By two o'clock he was at the Three Boulders, where he got a fast horse and galloped into San Felipe by four. As he descended the last slope through the fastnesses of pines towards the little valley overlooked in its remoteness and purely pastoral simplicity by the gold-seeking immigrants,—its seclusion as one of the furthest northern Californian missions still preserved through its insignificance and the efforts of the remaining Brotherhood, who used it as an infirmary and a school for the few remaining Spanish families,—he remembered how he once blundered upon it with the boy while hotly pursued by a hue and cry from one of the larger towns, and how he found sanctuary there. He remembered how, when the pursuit was over, he had placed the boy there under the padre's charge. He had lied to his wife regarding the whereabouts of her son, but he had spoken truly regarding his free expenditure for the boy's maintenance, and the good fathers had accepted, equally for the child's sake as for the Church's sake, the generous “restitution” which this coarse, powerful, ruffianly looking father was apparently seeking to make. He was quite aware of it at the time, and had equally accepted it with grim cynicism; but it now came back to him with a new and smarting significance.
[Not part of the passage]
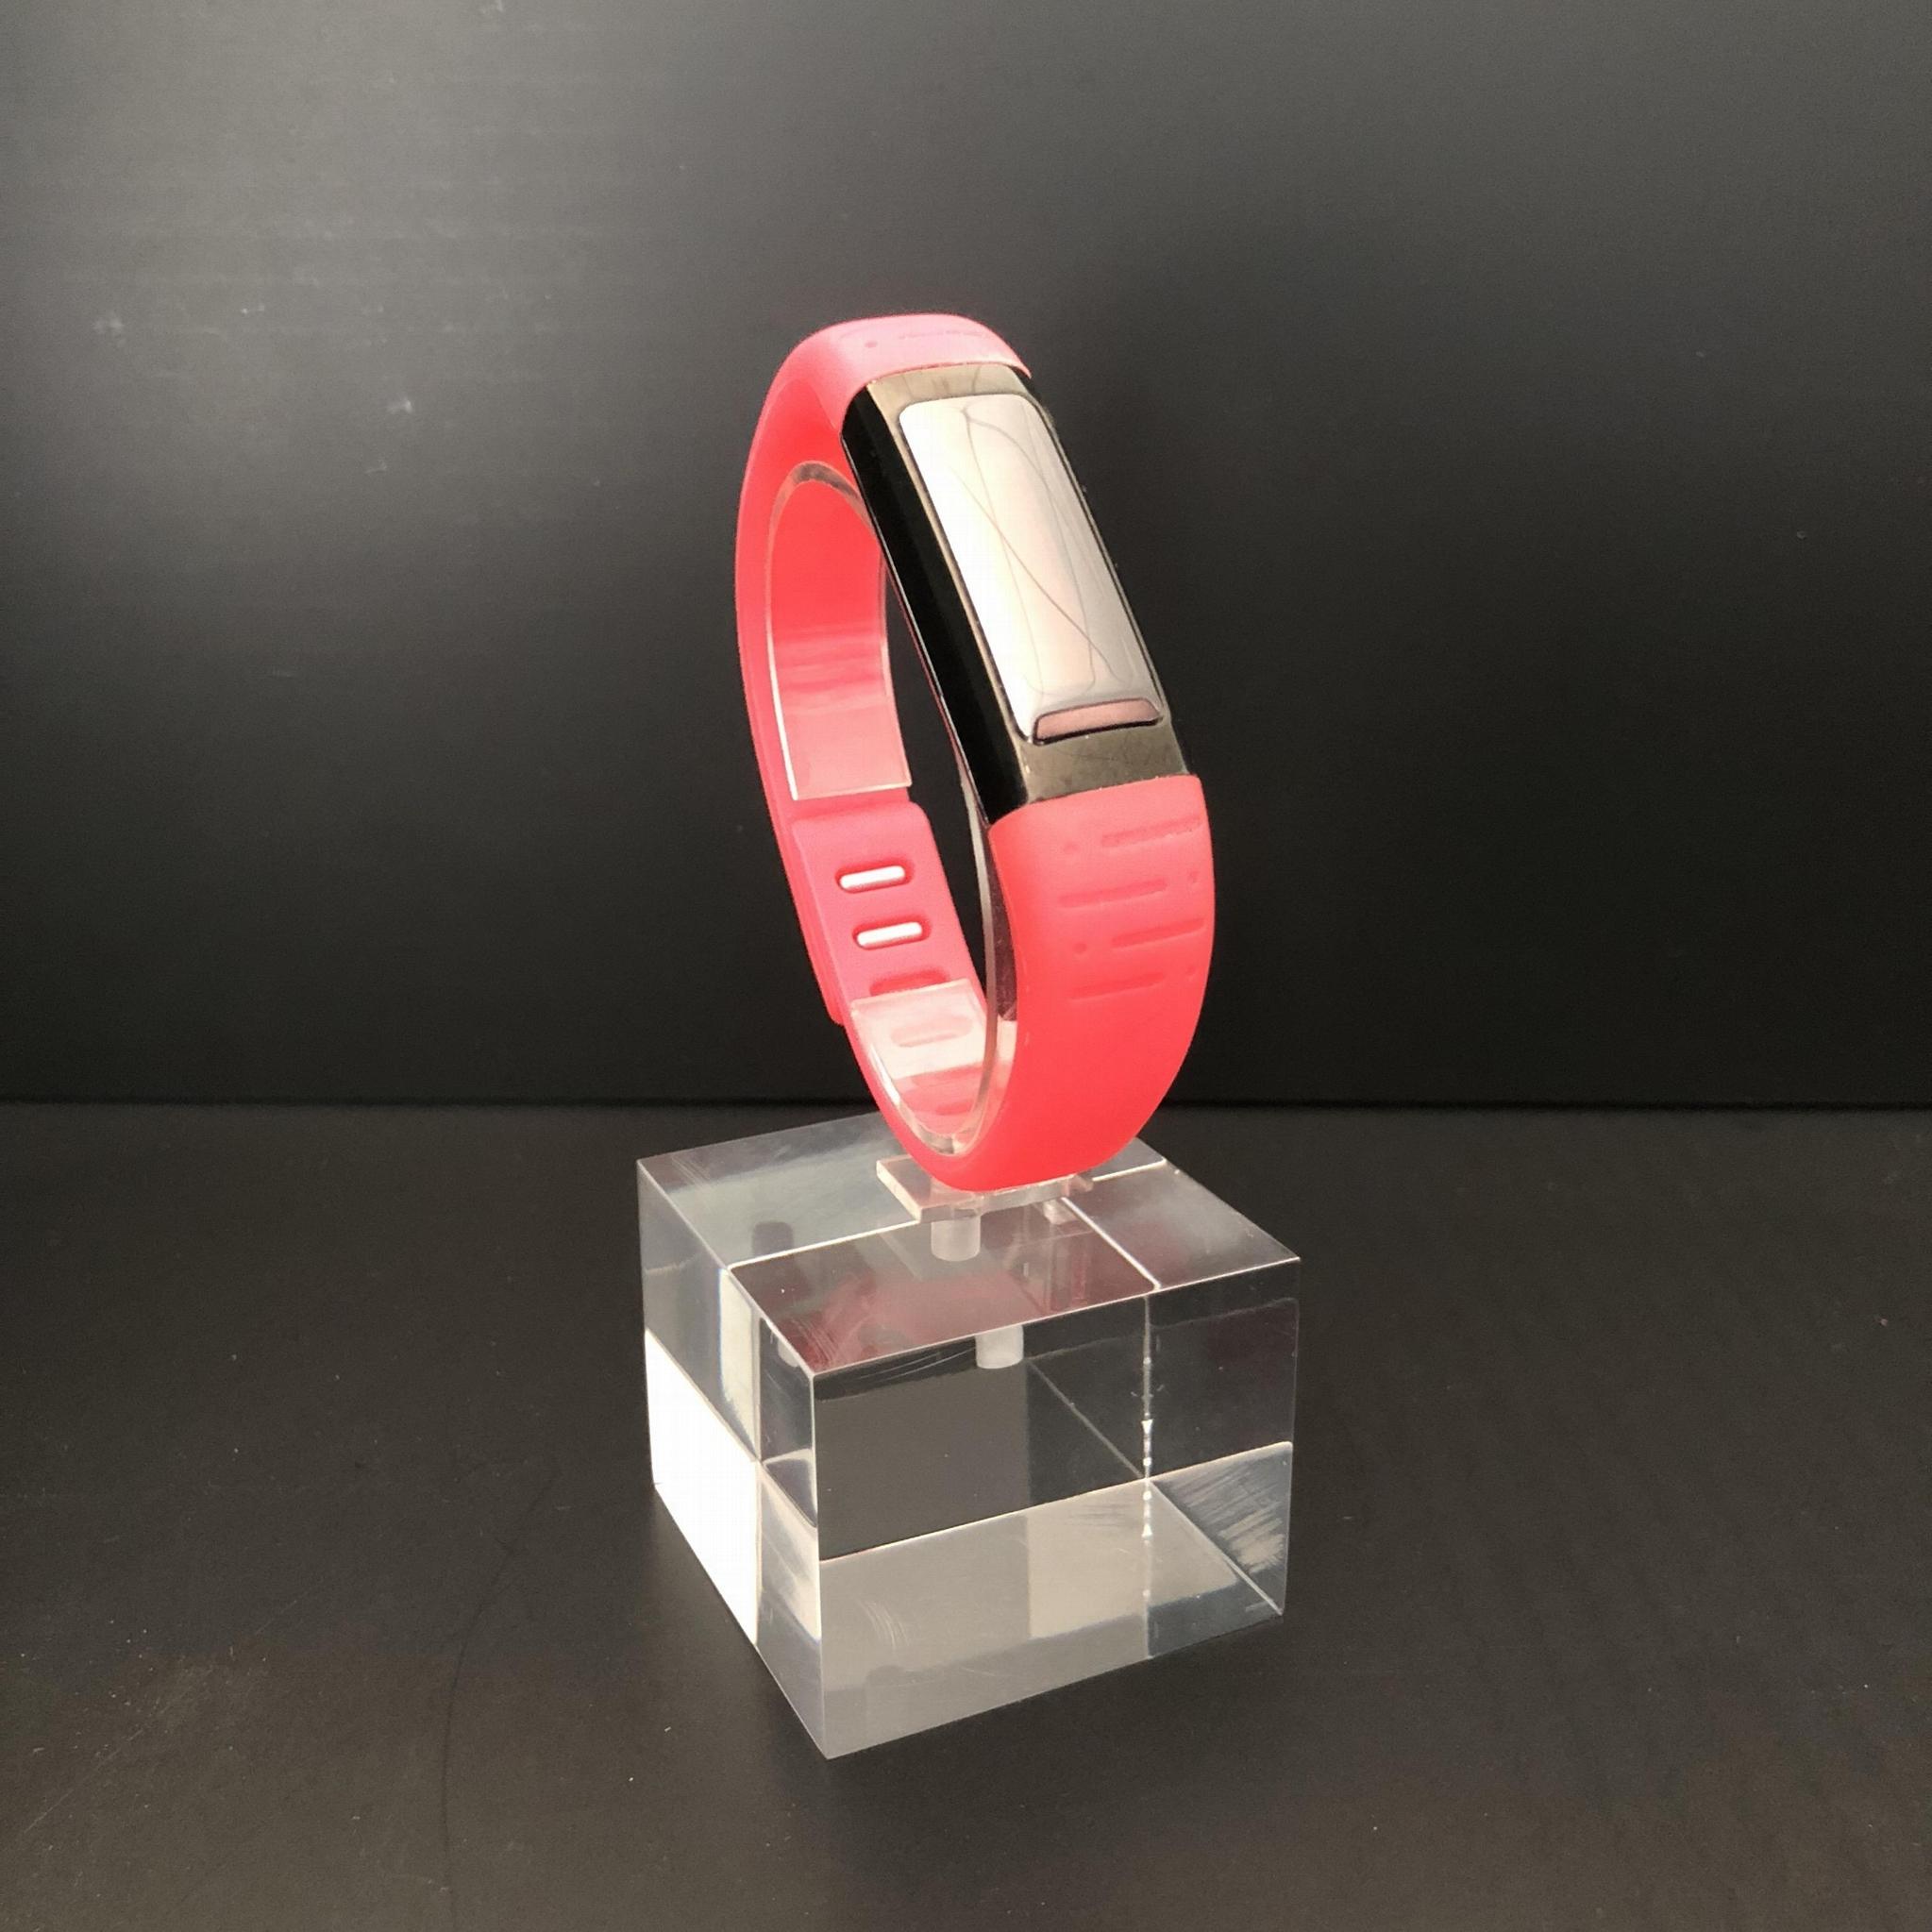 手錶展示架,手錶陳列展示,手錶陳列架,手錶落地展示架,手錶商品陳列架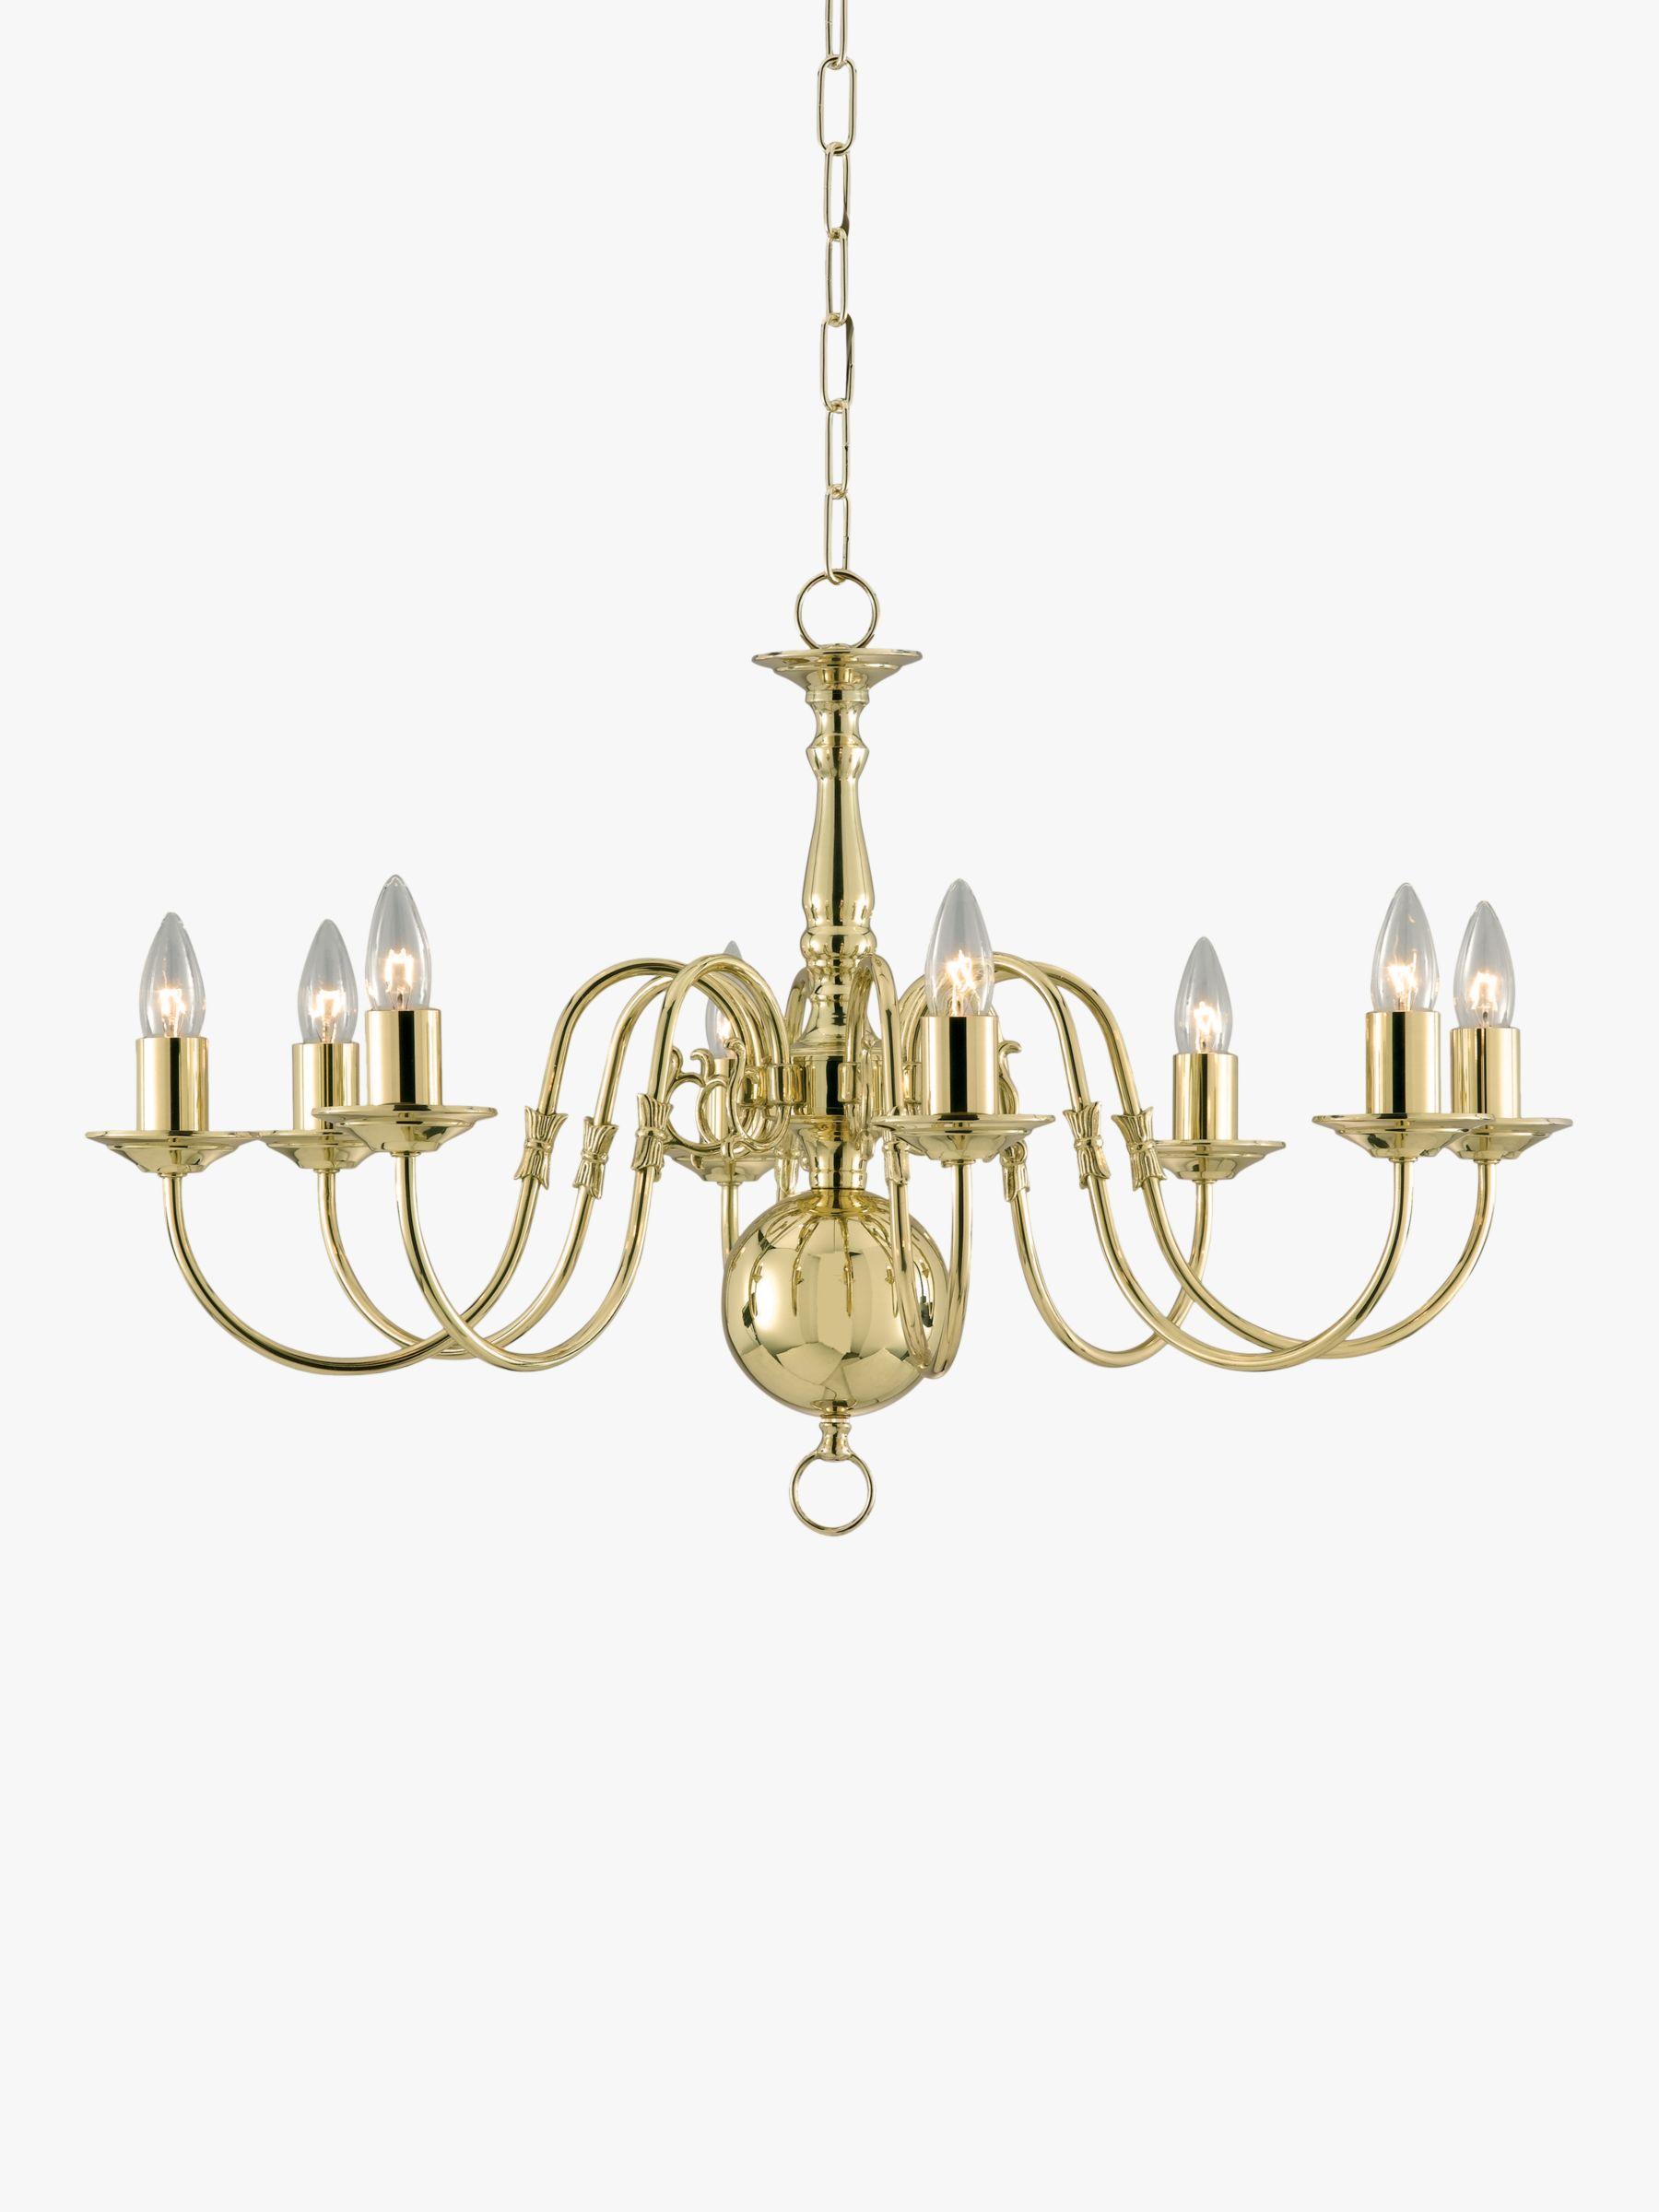 Impex Impex Bruges Chandelier, Polished Brass, 8-Light

Might THEY, too, not succeed in weaning the boy's affection from him, or if the mother had interfered, would they not side with her in claiming an equal right? He had sometimes laughed to himself over the security of this hiding-place, so unknown and so unlikely to be discovered by her, yet within easy reach of her friends and his enemies; he now ground his teeth over the mistake which his doting desire to keep his son accessible to him had caused him to make. He put spurs to his horse, dashed down the little, narrow, ill-paved street, through the deserted plaza, and pulled up in a cloud of dust before the only remaining tower, with its cracked belfry, of the half-ruined Mission church. A new dormitory and school-building had been extended from its walls, but in a subdued, harmonious, modest way, quite unlike the usual glaring white-pine glories of provincial towns. Steptoe laughed to himself bitterly. Some of his money had gone in it.
He seized the horsehair rope dangling from a bell by the wall and rang it sharply. A soft-footed priest appeared,—Father Dominico. “Eddy Horncastle? Ah! yes. Eddy, dear child, is gone.”
“Gone!” shouted Steptoe in a voice that startled the padre. “Where? When? With whom?”
“Pardon, senor, but for a time—only a pasear to the next village. It is his saint's day—he has half-holiday. He is a good boy. It is a little pleasure for him and for us.”